RECHTBANK ZEELAND-WEST-BRABANT
Team Familie- en Jeugdrecht
Zittingsplaats: Breda
Zaaknummer: C/02/411138 FA RK 23-3011
Datum: 20 december 2023
nadere beschikking ontkenning en vaststelling vaderschap
in de zaak van
[de vrouw],
hierna te noemen: de vrouw,
wonende te [woonplaats 1] ,
advocaat: voorheen mr. J. van Dijk te Oud-Beijerland, thans mr. C.K. Visser te
Oud-Beijerland.
Als belanghebbenden in onderhavige zaak worden aangemerkt:
de minderjarigen
[minderjarige 1], geboren te [geboorteplaats 1] op [geboortedag 1] 2020, hierna te noemen: [minderjarige 1] ,
en
[minderjarige 2], geboren te [geboorteplaats 1] op [geboortedag 2] 2021, hierna te noemen: [minderjarige 2] ,
beiden vertegenwoordigd door mr. M.A. Breewel-Witteveen, als bijzondere curator,
[de juridische vader],
hierna te noemen: de juridische vader,
wonende te [woonplaats 2] ,
[de vermoedelijke biologische vader],
hierna te noemen: de vermoedelijke biologische vader,
wonende te [woonplaats 3] ,
advocaat: mr. P.D. Zalucha te Rotterdam.
1. Het verdere procesverloop
1.1 De rechtbank oordeelt op grond van de navolgende stukken:
- de in deze zaak gegeven beschikking van 28 augustus 2023, waarin de bijzondere curator is benoemd, en alle daarin genoemde stukken;
- het op 22 augustus 2023 ontvangen aangepaste verzoekschrift;
- de op 12 september 2023 ontvangen referteverklaringen, die door de juridische vader en de vermoedelijke biologische vader zijn ondertekend;
- het op 8 november 2023 ontvangen verslag van bevindingen van de bijzondere curator.

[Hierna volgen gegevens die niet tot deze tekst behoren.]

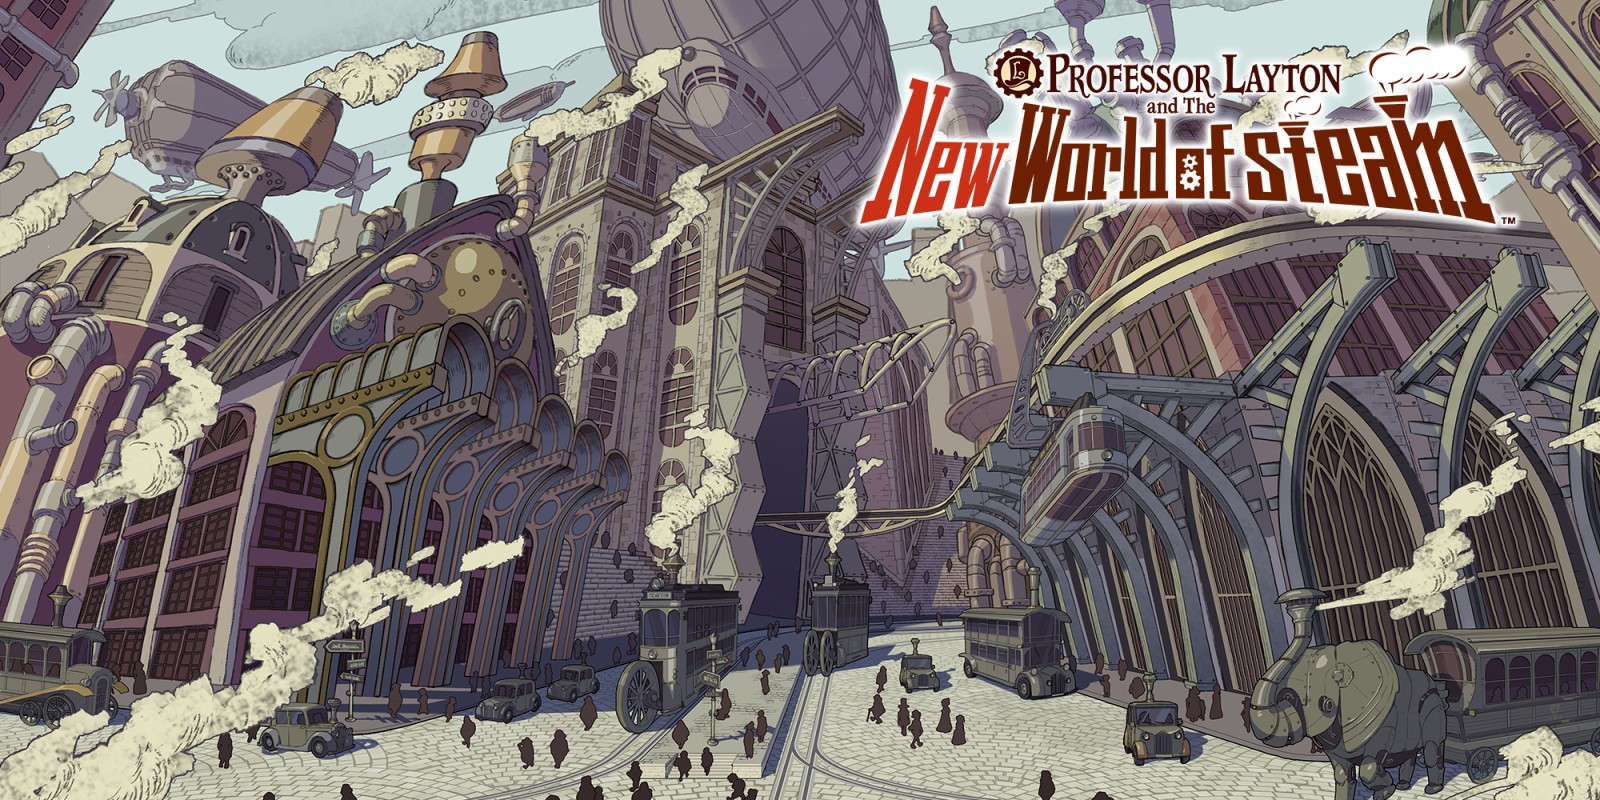 Professor Layton and the New World of Steam krijgt eerste gameplaybeelden
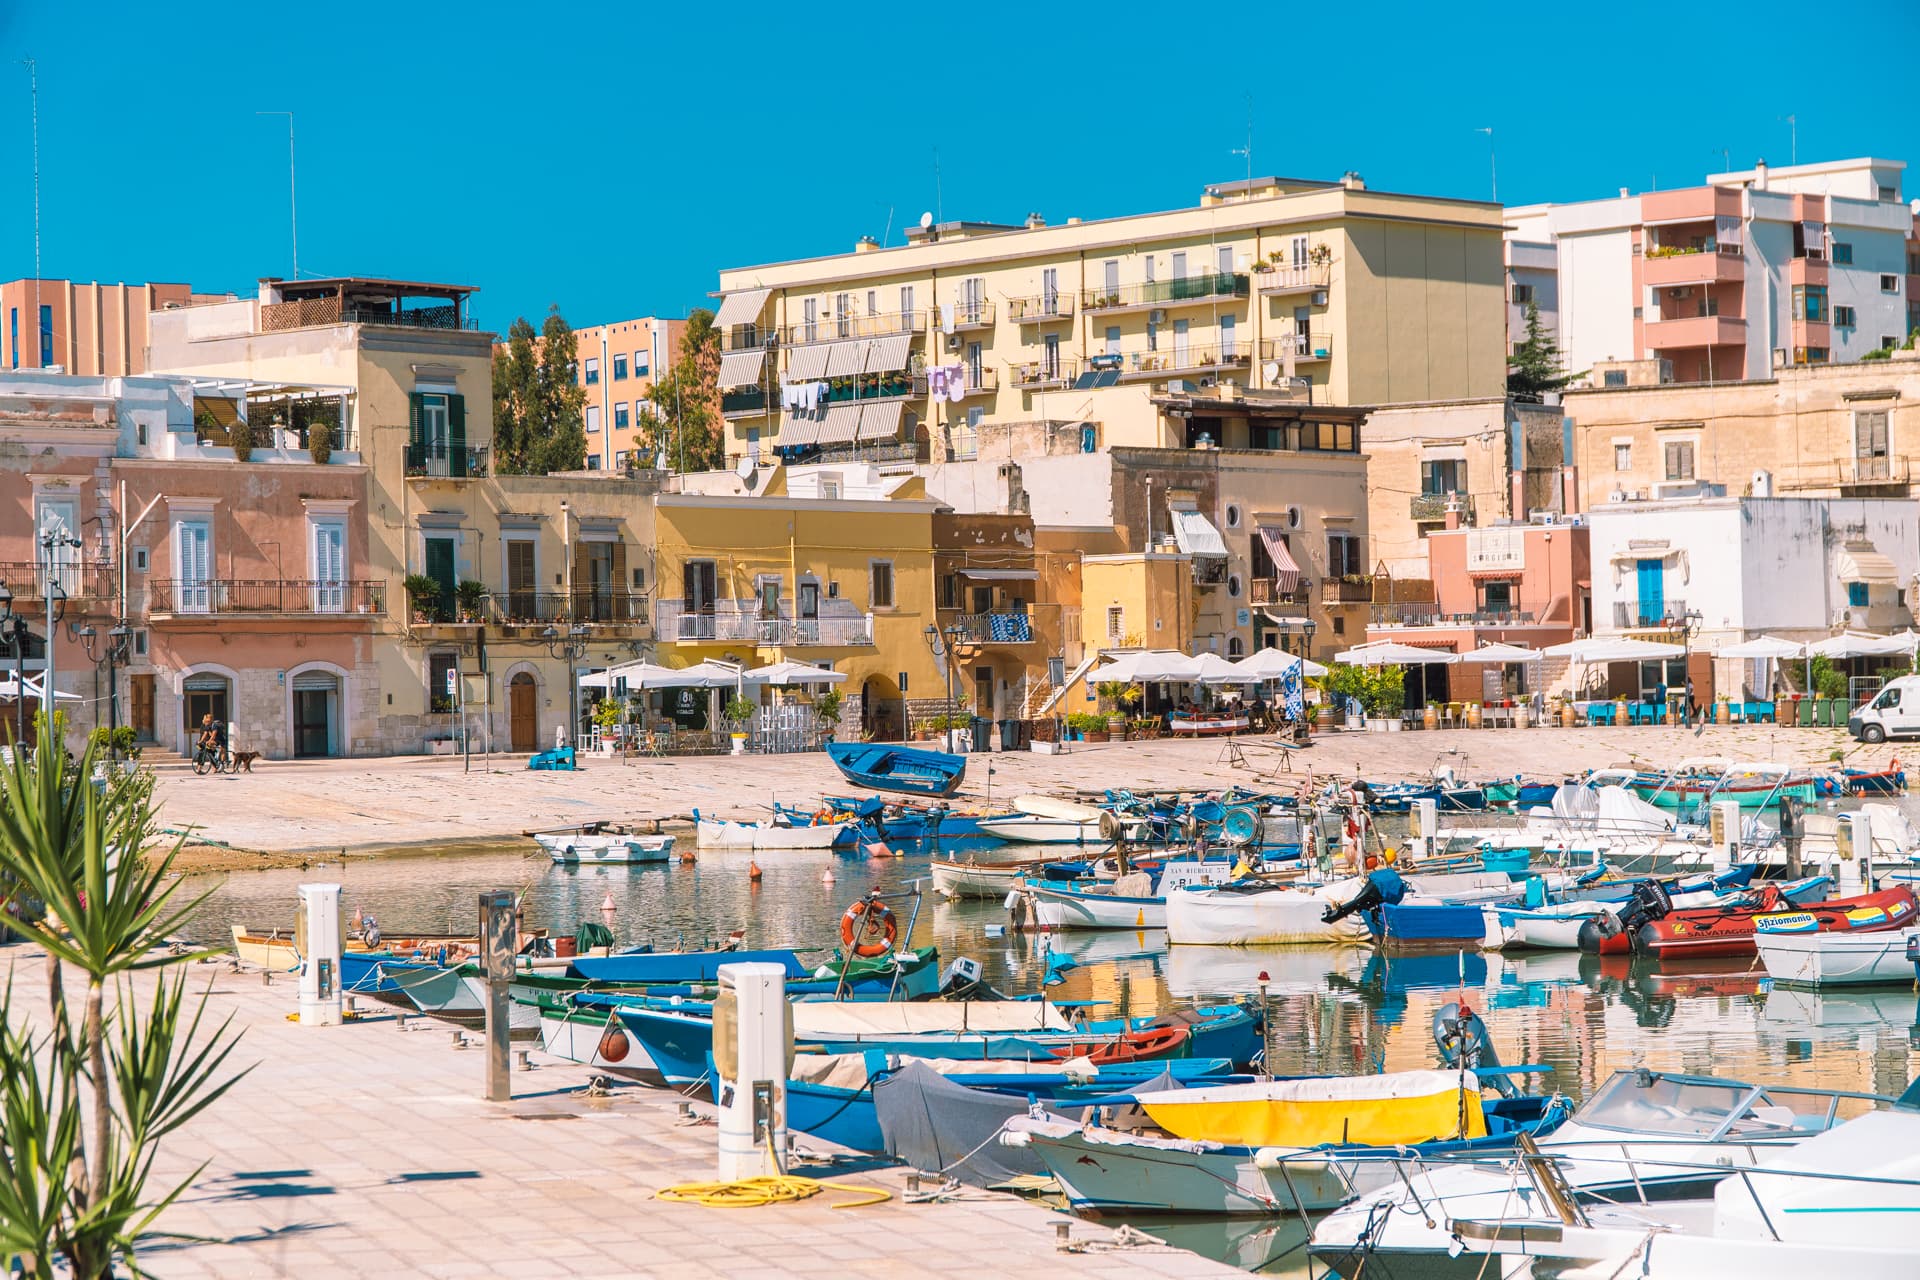 Kolorowy port w Bisceglie | Plan wyjazdu do Apulii

1.2 De mondelinge behandeling van de verzoeken heeft met gesloten deuren plaatsgevonden op 11 december 2023. Bij die gelegenheid zijn verschenen en gehoord de vrouw, bijgestaan door haar advocaat, de advocaat van de vermoedelijke biologische vader, de juridische vader en de bijzondere curator. De vrouw en de juridische vader werden tevens bijgestaan door mevrouw [naam 2] , tolk in de Poolse taal.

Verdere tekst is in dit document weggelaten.